Two trains P and Q are scheduled to reach New Delhi railway station at 10.00 AM. The probability that train P and train Q will be late is 7/9 and 11/27 respectively. The probability that train Q will be late, given that train P is late, is 8/9. Then the probability that neither train will be late on a particular day is

Let 'A' and 'B' be the event of train reaching at the station respectively. 

P(A)$$_{\text{Late}}$$ = $$\dfrac{7}{9}$$, therefore, P(A)$$_{\text{On time}}$$ = $$\dfrac{2}{9}$$.

P(B)$$_{\text{Late}}$$ = $$\dfrac{11}{27}$$, therefore, P(B)$$_{\text{On time}}$$ = $$\dfrac{16}{27}$$.

The probability that train Q will be late, given that train P is late, is 8/9.
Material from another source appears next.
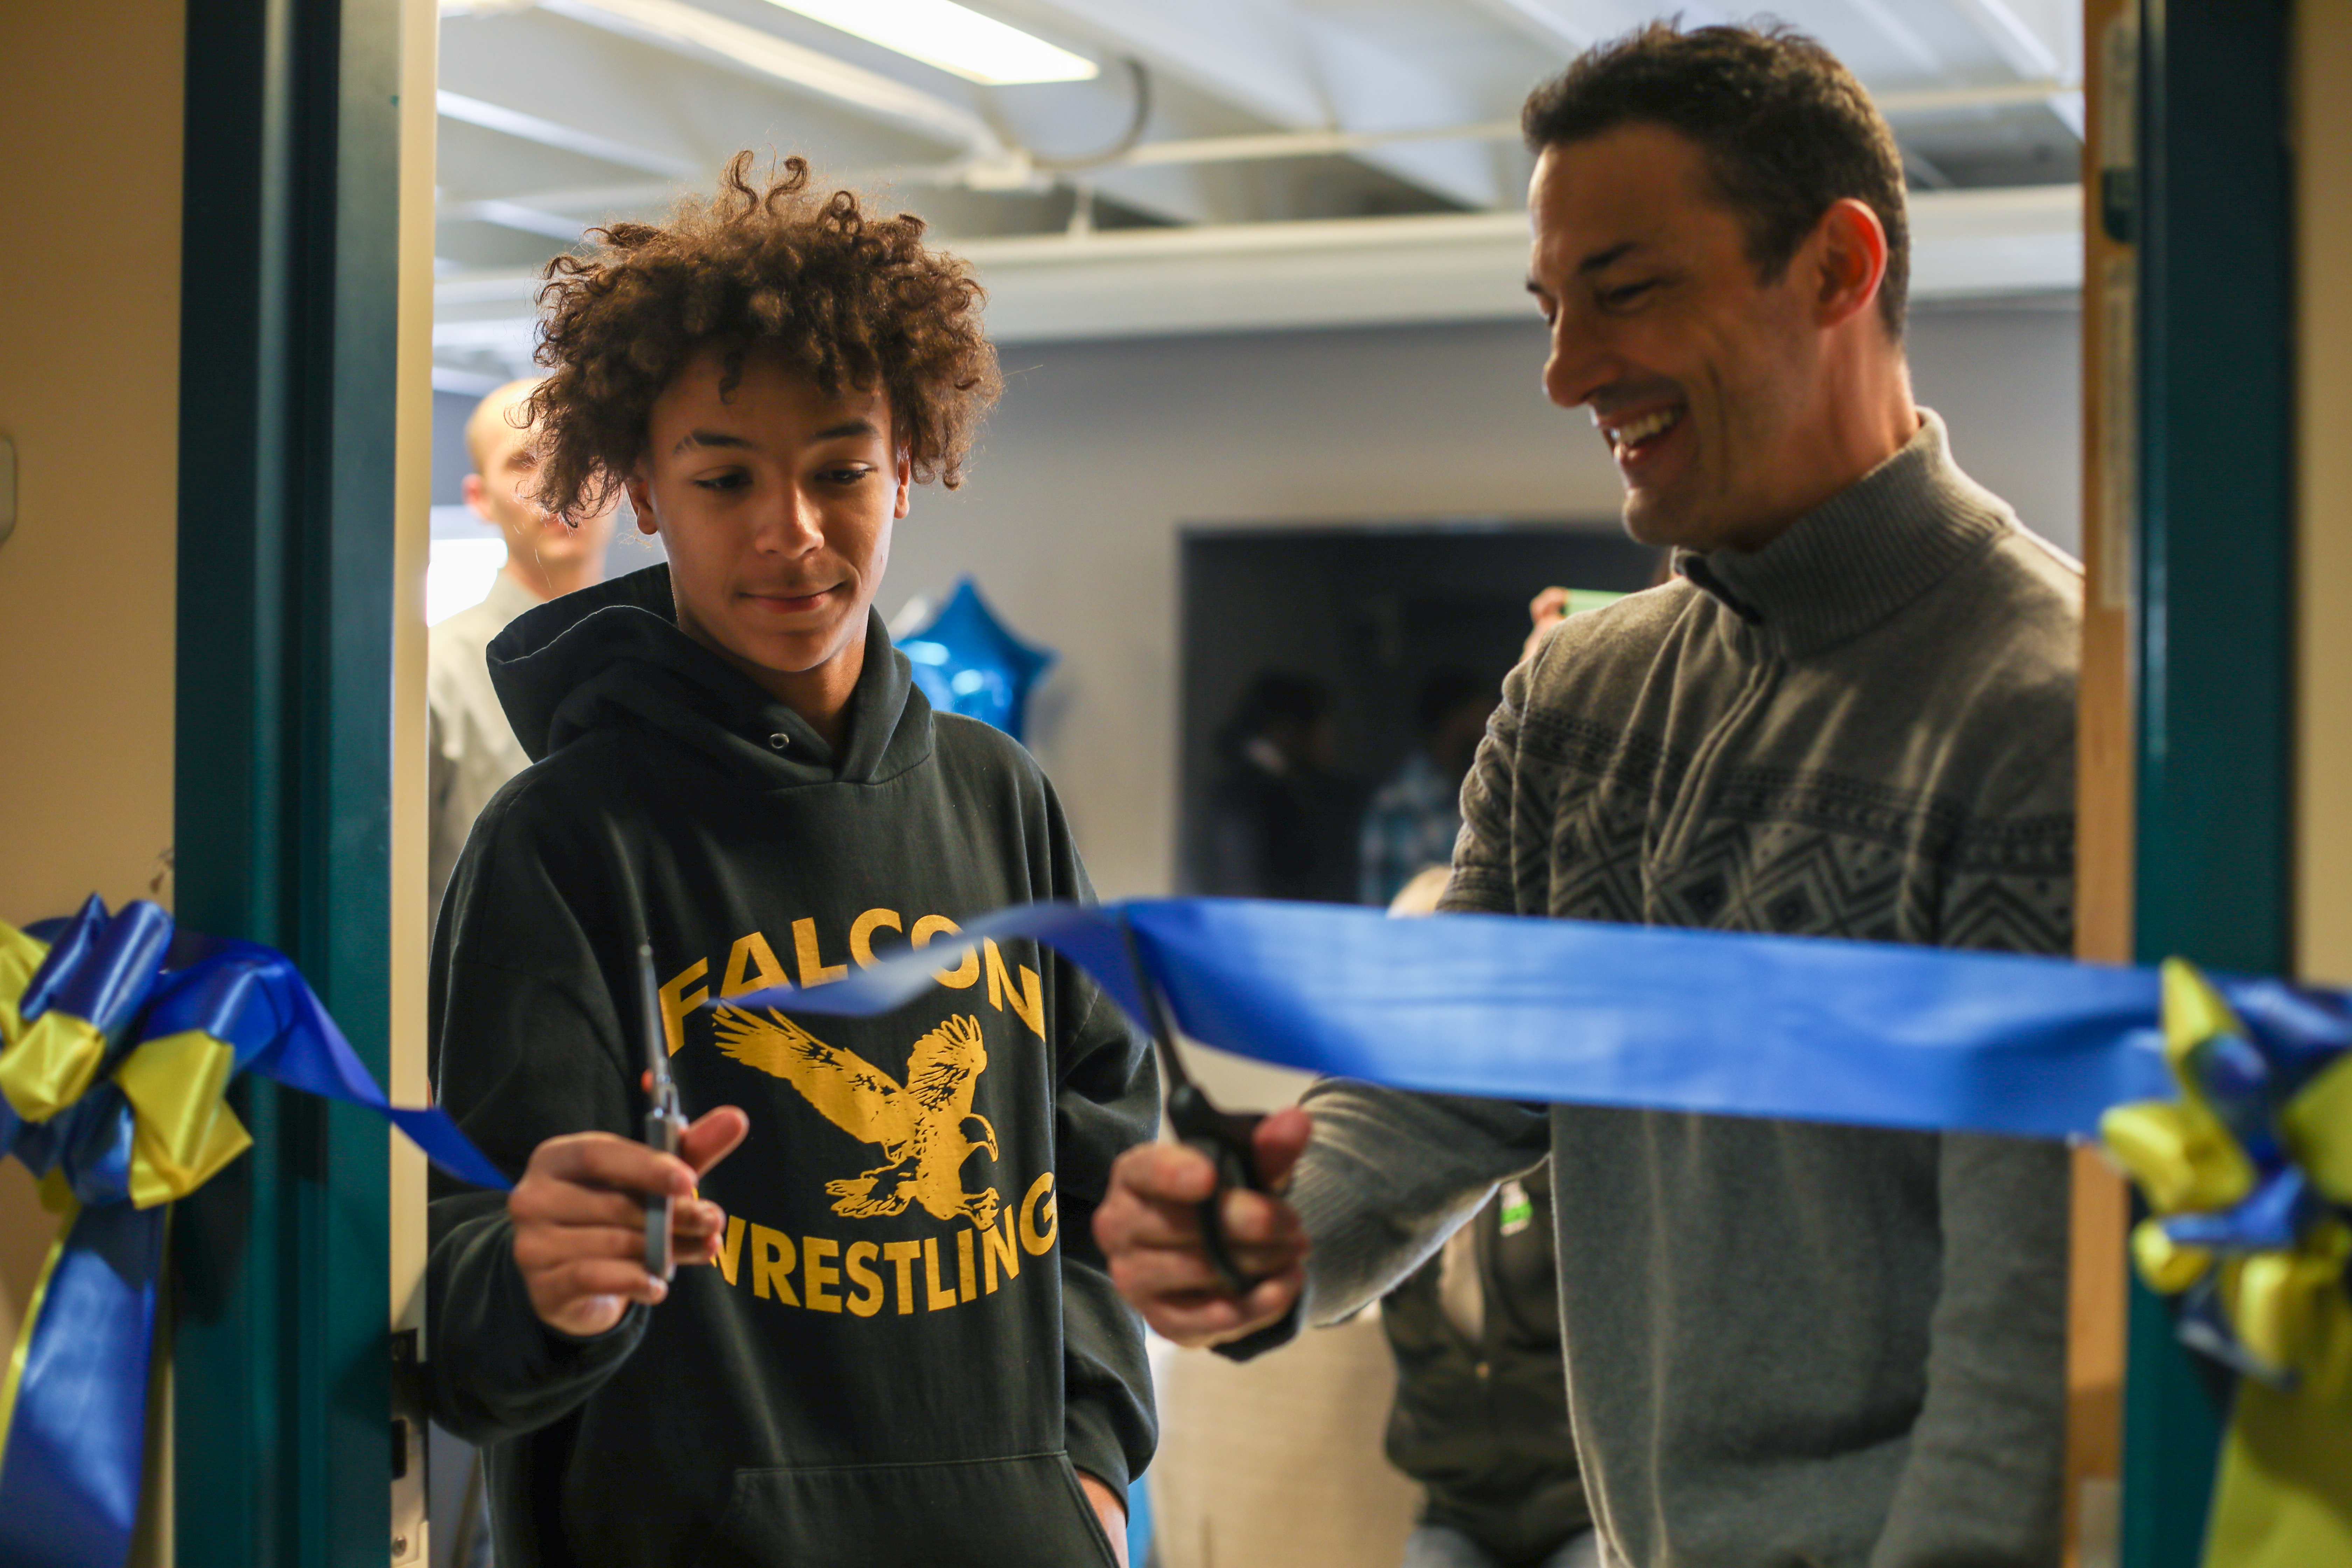 The blue ribbon was cut in a ceremony by a local teen boy accompanied by an adult while standing in the doorway to the new room.

P$$(\dfrac{B_{\text{Late}}}{A_{\text{Late}}})$$=$$\dfrac{8}{9}$$

P(A$$_{\text{Late}} \cap$$ B$$_{\text{Late}})$$ = P(A)$$_{\text{Late}}$$*P($$\dfrac{B_{\text{Late}}}{A_{\text{Late}}})$$

P(A$$_{\text{Late}} \cap$$ B$$_{\text{Late}})$$ = $$\dfrac{7}{9}$$*$$\dfrac{8}{9} = \dfrac{56}{81}$$

Therefore, the probability that neither train is late = 1 - (P(A)$$_{\text{Late}}$$+P(B)$$_{\text{Late}}$$ - P(A$$_{\text{Late}} \cap$$ B$$_{\text{Late}})$$)

$$\Rightarrow$$ 1 - ($$\dfrac{7}{9}$$+$$\dfrac{11}{27}$$-$$\dfrac{56}{81}$$)

$$\Rightarrow$$ $$\dfrac{41}{81}$$

Hence, we can say that option B is the correct answer.